P3CMQA - Profile based 3 dimensional Convolutional neural network for protein structure Model Quality Assessment

Table of contents

How to use

  1. Submit Job

    At first, please enter your email address and the PDB or mmCIF file of the structural model at the Submit job page.

    You can submit up to 10 files at a time.

    For the sake of computation time, the number of residues in the model structure is limited to 2000.

    The input of the fasta file is optional, but since we are using sequence-based features such as sequence profiles, the results will be more reliable if you input the fasta file.

    Furthermore, we skip pre-processing for fasta sequences that have been processed once, so if you are submitting multiple PDB/mmCIF files for a target, submitting a fasta file will save you runtime.

    Note that it only allows a fasta file that contains a single sequence.

    Also note that if you submit a fasta file, all the PDB/mmCIF files must be prediction structures for the same target.

    If you did not input the fasta file, we produce a sequence from the PDB/mmCIF file and generate features from that sequence.


  2. Check the results of the prediction

    When the prediction is complete, you will receive an email with the URL of the prediction result.

    Note that the expiration date of the resulting URL is 5 days.

    When you access the URL, you will see the following page.

    (You can see this page at Result Example.)

    Each element on the page has the following meaning

    1. Job information

      Job information shows detailed information about the job.

      Job Title indicates the name of the submitted file, and Model length indicates the number of residues in the submitted model structure.

      The global score represents the score for the whole model structure, and the score ranges from 0 to 1. The closer the score is to 1, the better the structural model is.

      You can download the prediction results in three different formats from the blue download buttons.

      • Normal text format

        We output the prediction results in the following text format.

        # Model name : sample_1.pdb
        # Model Quality Score : 0.4236
        Resid	Resname	Score
        1	SER	0.04631
        2	ASN	0.06995
        3	ALA	0.07282
        :
        

        The first line shows the name of the model structure and the second line shows the score of the whole model structure.

        The third and subsequent lines indicate the residue number, residue name, and predicted score for each residue.

        You can load this file as a csv file using python in the following way.

        import pandas as pd
        pd.read_csv('sample_1.txt', sep='\t', header=2)
        >      Resid Resname    Score
          0        1     SER  0.04631
          1        2     ASN  0.06995
          2        3     ALA  0.07282
          ..     ...     ...      ...
        
      • CASP format
      • We also support CASP format. See CASP format page for details.

      • PDB format
      • You can download a pdb with the predicted score for each residue which is set to bfactor.

        If you color the downloaded pdb with a molecular visualization software based on the bfactor, you can see the protein structure colored by the predicted score.

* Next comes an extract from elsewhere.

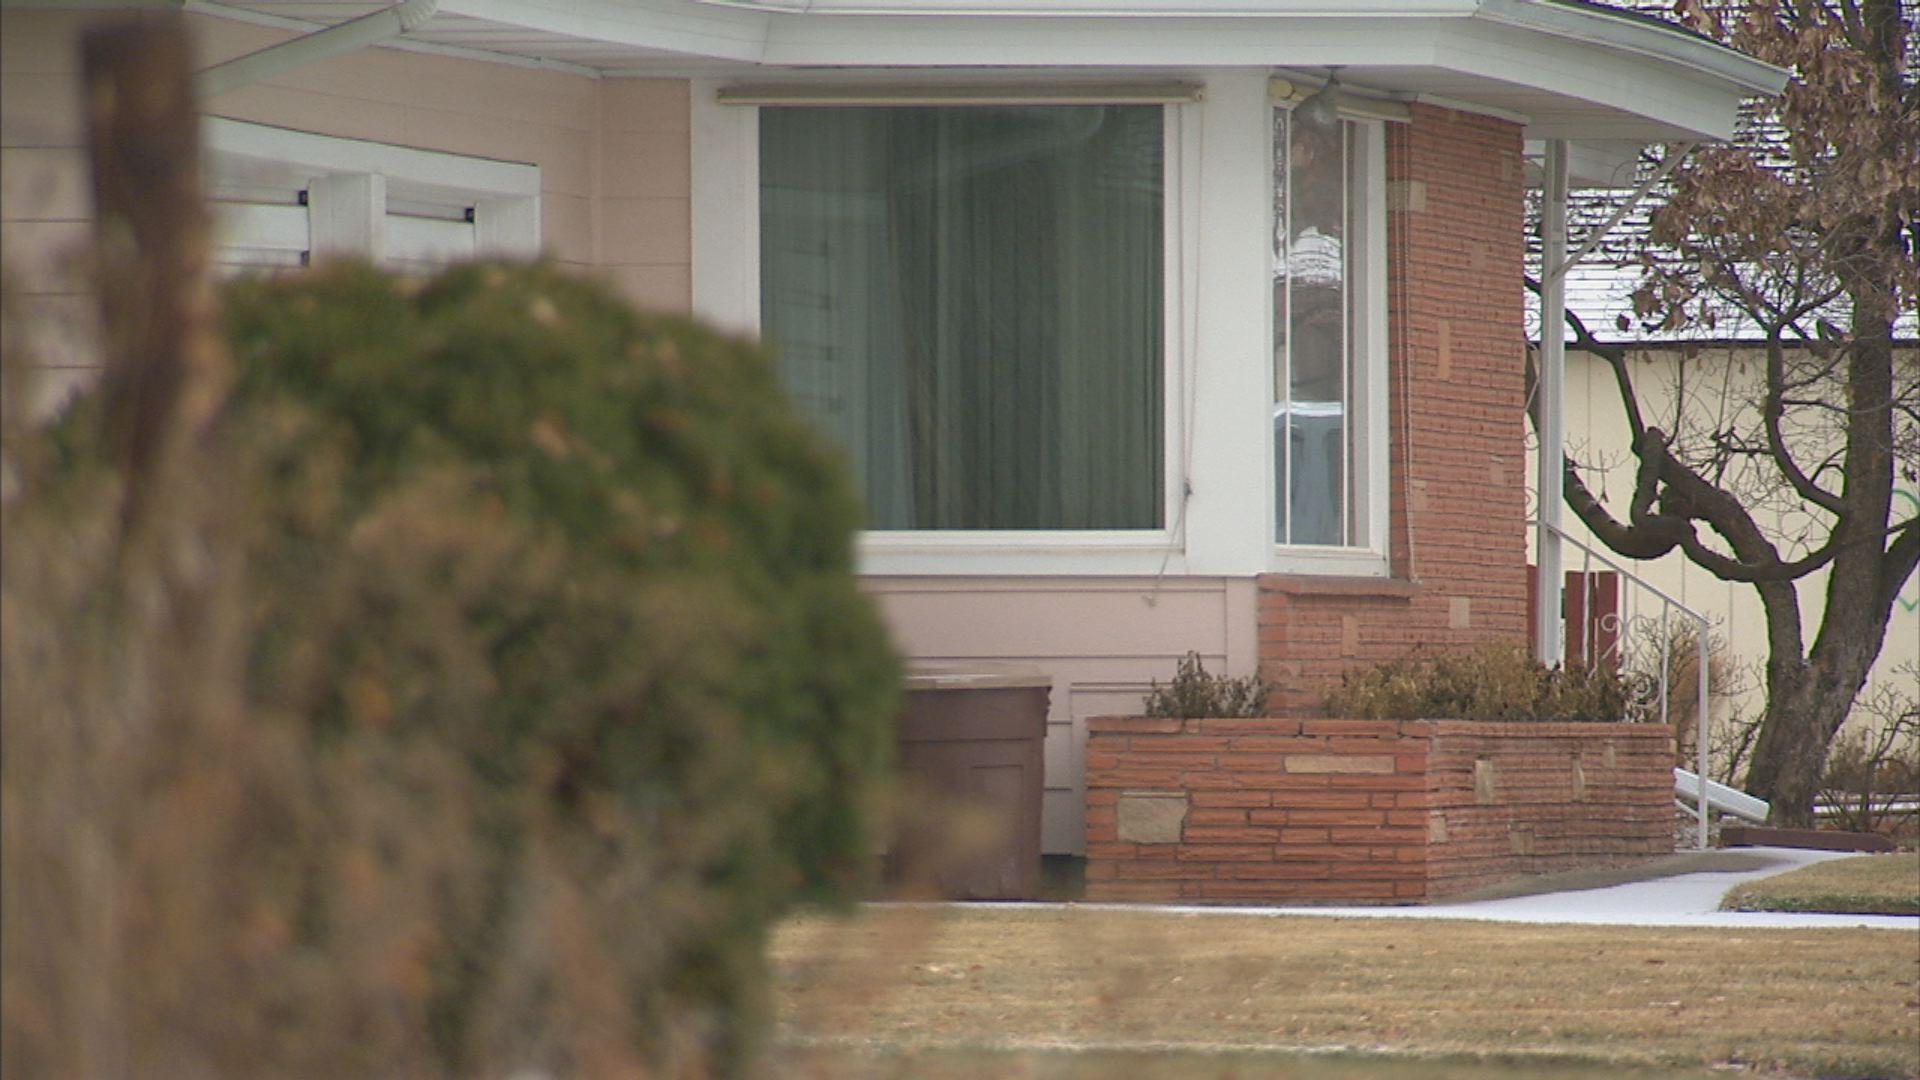 Preventing a home burglary
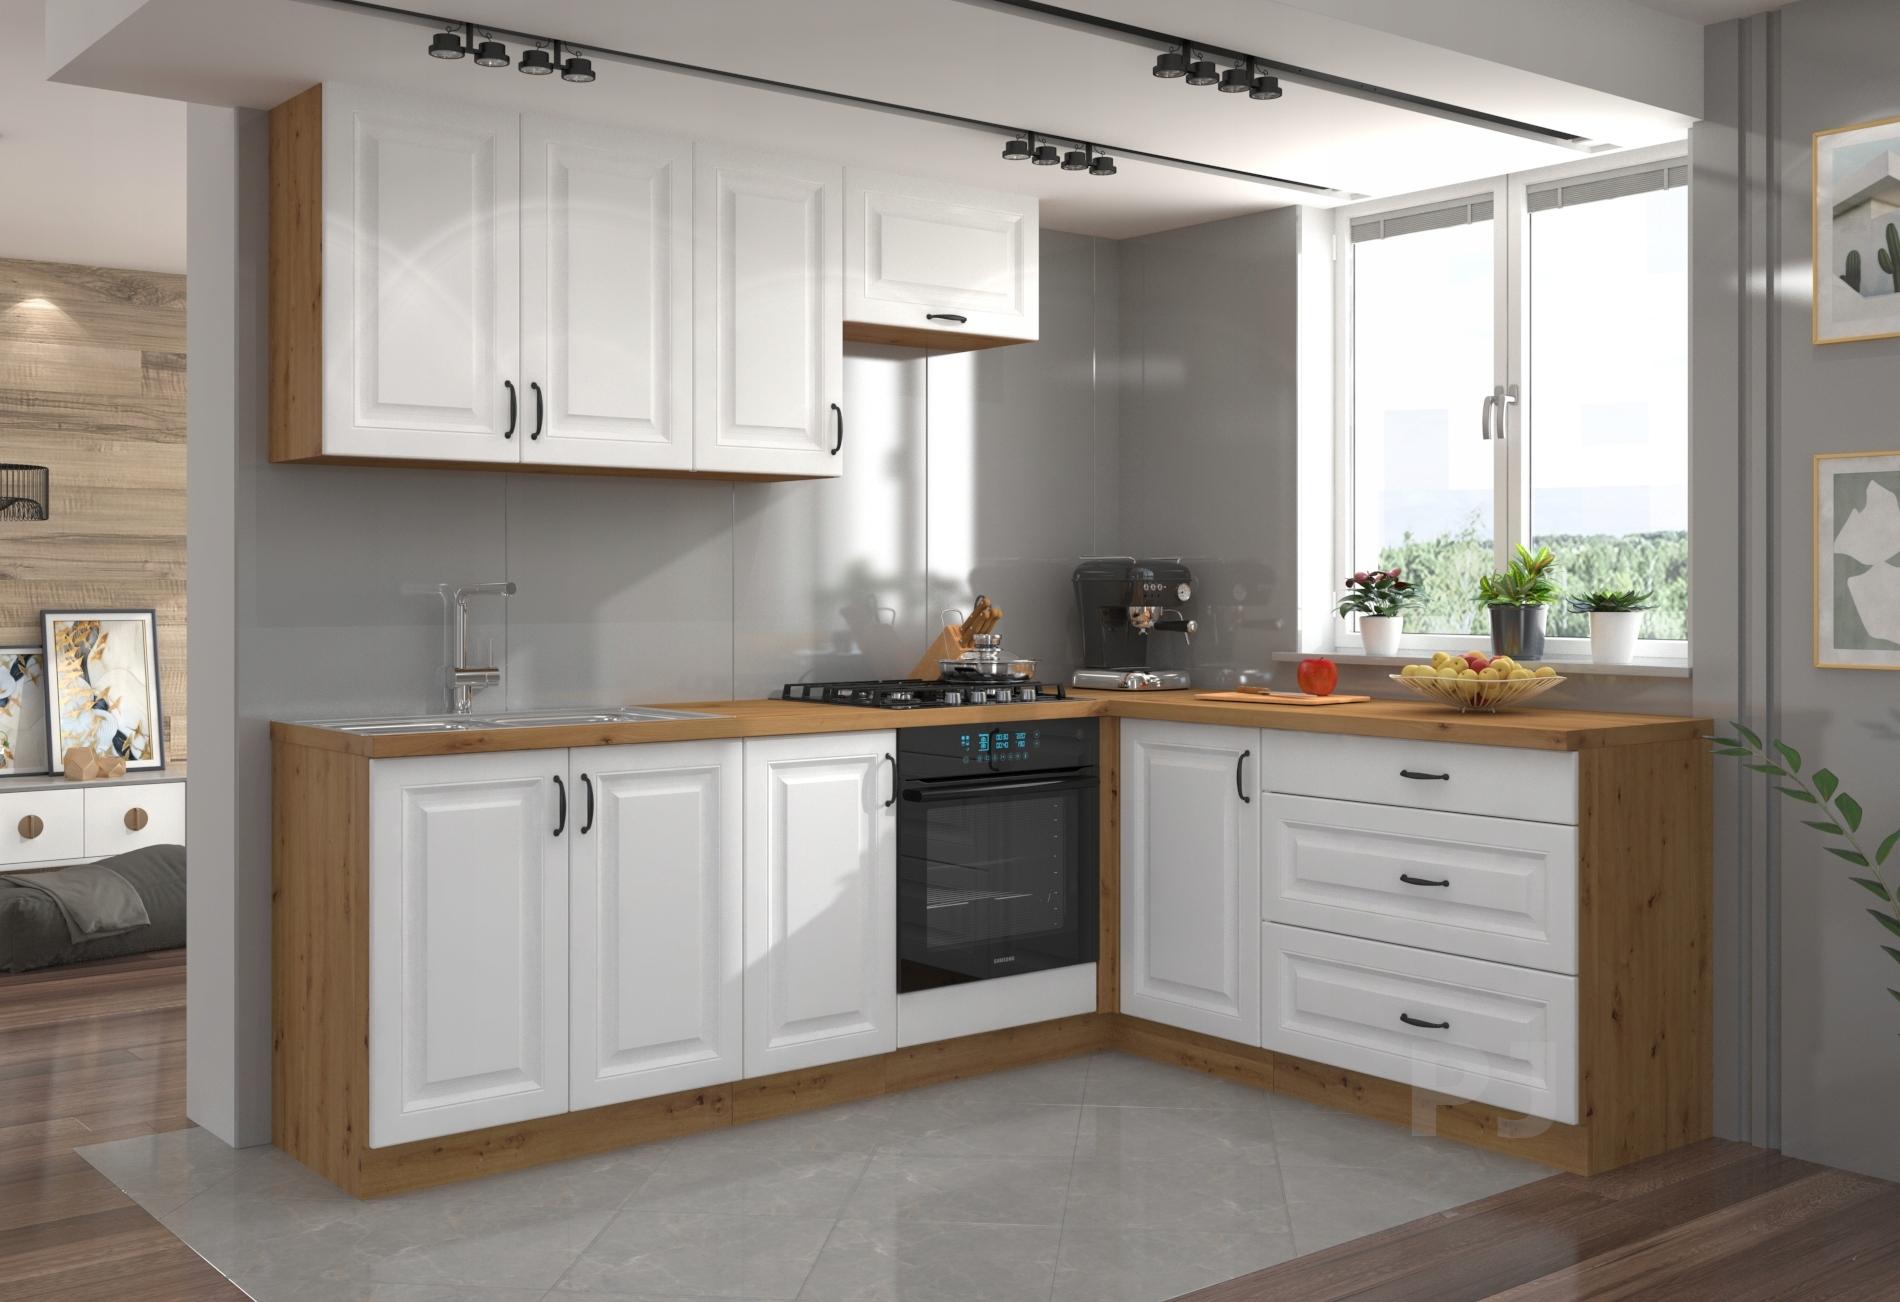 STILO белая кухня / угловая кухонная мебель

    2. 3D view of the model

      You can see the three-dimensional structure of the model structure, which is colored by the prediction score for each residue in this area.

      The structural model is colored in rainbow colors, with red areas representing low prediction scores and blue areas representing high prediction scores.

      You can rotate and scale the model structure and hover over it to find out the residue number.

      We use NGL viewer (AS Rose, et al., Bioinformatics, 2018. doi:10.1093/bioinformatics/bty419) to visualize proteins.


    3. Local Score

      This area shows the predicted scores for each residue as a bar chart.

      The coloring is the same as that of the structural model.

      You can check the detailed score for each residue by hovering the cursor over the graph.

      For model structures with more than 1500 residues, local scores cannot be displayed due to a problem with the library, so please download the results and check them.

Runtime

We show the approximate runtime for one structural model.

Our process is largely composed of two parts: preprocessing prediction.

Preprocessing is skipped in the case of a previously processed sequence.

The runtime required for each process is shown in the following figures.

Most of the runtime is taken for preprocessing, and the prediction itself takes about 20 seconds.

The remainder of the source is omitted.